Treatment for Diabetic Ketoacidosis (DKA) Coma
- Intravenous (IV) fluids to correct dehydration
- Insulin by IV to lower blood glucose and stop ketone production
- Potassium replacement and other electrolytes as needed
- Treatment of any underlying infection or illness
Treatment for Hyperosmolar (HHS) Coma
- Intravenous (IV) fluids (often large amounts) to correct severe dehydration
- Insulin to lower blood glucose levels
- Potassium and sodium replacement and careful monitoring
- Treatment of the triggering cause, such as infection or missed medications
Treatment for Hypoglycaemic Coma
- Intravenous glucose to rapidly raise blood sugar
- Glucagon injection if IV access is not immediately available
- Observation and investigation of the cause (medication error, missed meals, alcohol, etc.)

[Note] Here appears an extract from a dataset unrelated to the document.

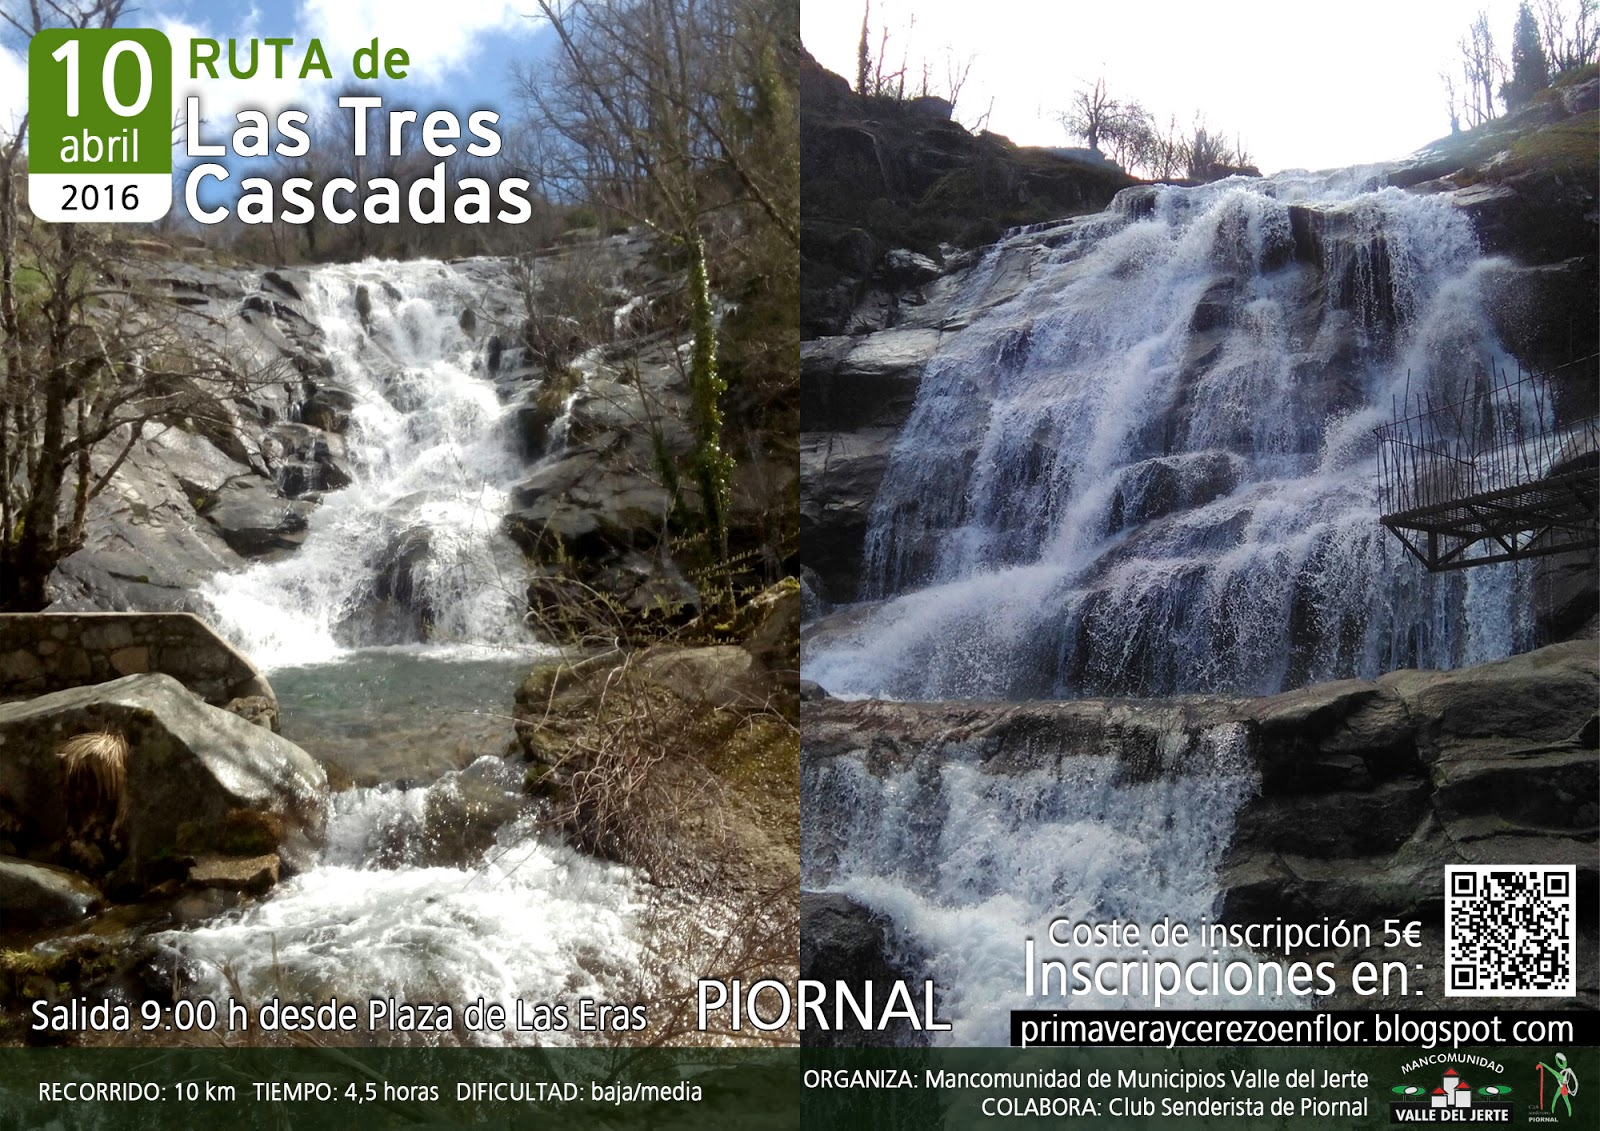 Ruta de las tres cascadas-Valle del Jerte 2016

In all cases, rapid diagnosis and treatment in a Grand Rapids emergency department can be life‑saving and reduce the risk of long‑term complications.
Living with Diabetes in Grand Rapids, MI
Managing diabetes in West Michigan involves:
- Regular follow‑up with your GP or diabetes specialist
- Adjusting insulin and medications for seasonal changes in activity and diet
- Planning for winter illnesses (flu shots, COVID‑19 boosters, sick‑day plans)
- Staying hydrated, especially during summer heat and indoor heating in winter
- Learning how to recognize and treat high and low blood sugar early
Local healthcare systems like Corewell Health, Trinity Health Grand Rapids, Metro Health, and Mercy Health offer diabetes education programs, nutrition counseling, and endocrinology services.
Where to Get Help in Grand Rapids
In an emergency, always call 911.
You can also access:
Emergency departments
- Corewell Health Butterworth Hospital
- Trinity Health Grand Rapids
- Metro Health – University of Michigan Health
- Other local hospitals and urgent care centers
Your GP (primary care doctor)
Diabetes specialist / endocrinologist in the Grand Rapids area
Kent County Health Department and Grand Rapids Public Health for community resources and education
American Diabetes Association (local Michigan chapter)
Juvenile Diabetes Research Foundation (JDRF) – West Michigan chapter
These resources can help you create a diabetes management plan that reduces the risk of diabetic ketoacidosis, hyperosmolar coma, and hypoglycaemic coma.
Key Points About Diabetic Coma
- Ketones are strongly acidic and can make the blood too acidic, leading to diabetic ketoacidosis (DKA).
- Ketones build up excessively when insulin levels are too low.
- Common causes of DKA include missed insulin doses and acute infections, especially in people with type 1 diabetes.
- A fruity or acetone smell on the breath is a key symptom of ketoacidosis.
- Diabetic hyperosmolar coma is caused by severe dehydration and very high blood glucose levels.
- Hypoglycaemic coma occurs when blood sugar drops very low and is not treated quickly.
- Any suspected diabetic coma in Grand Rapids requires immediate emergency care—call 911 and do not delay.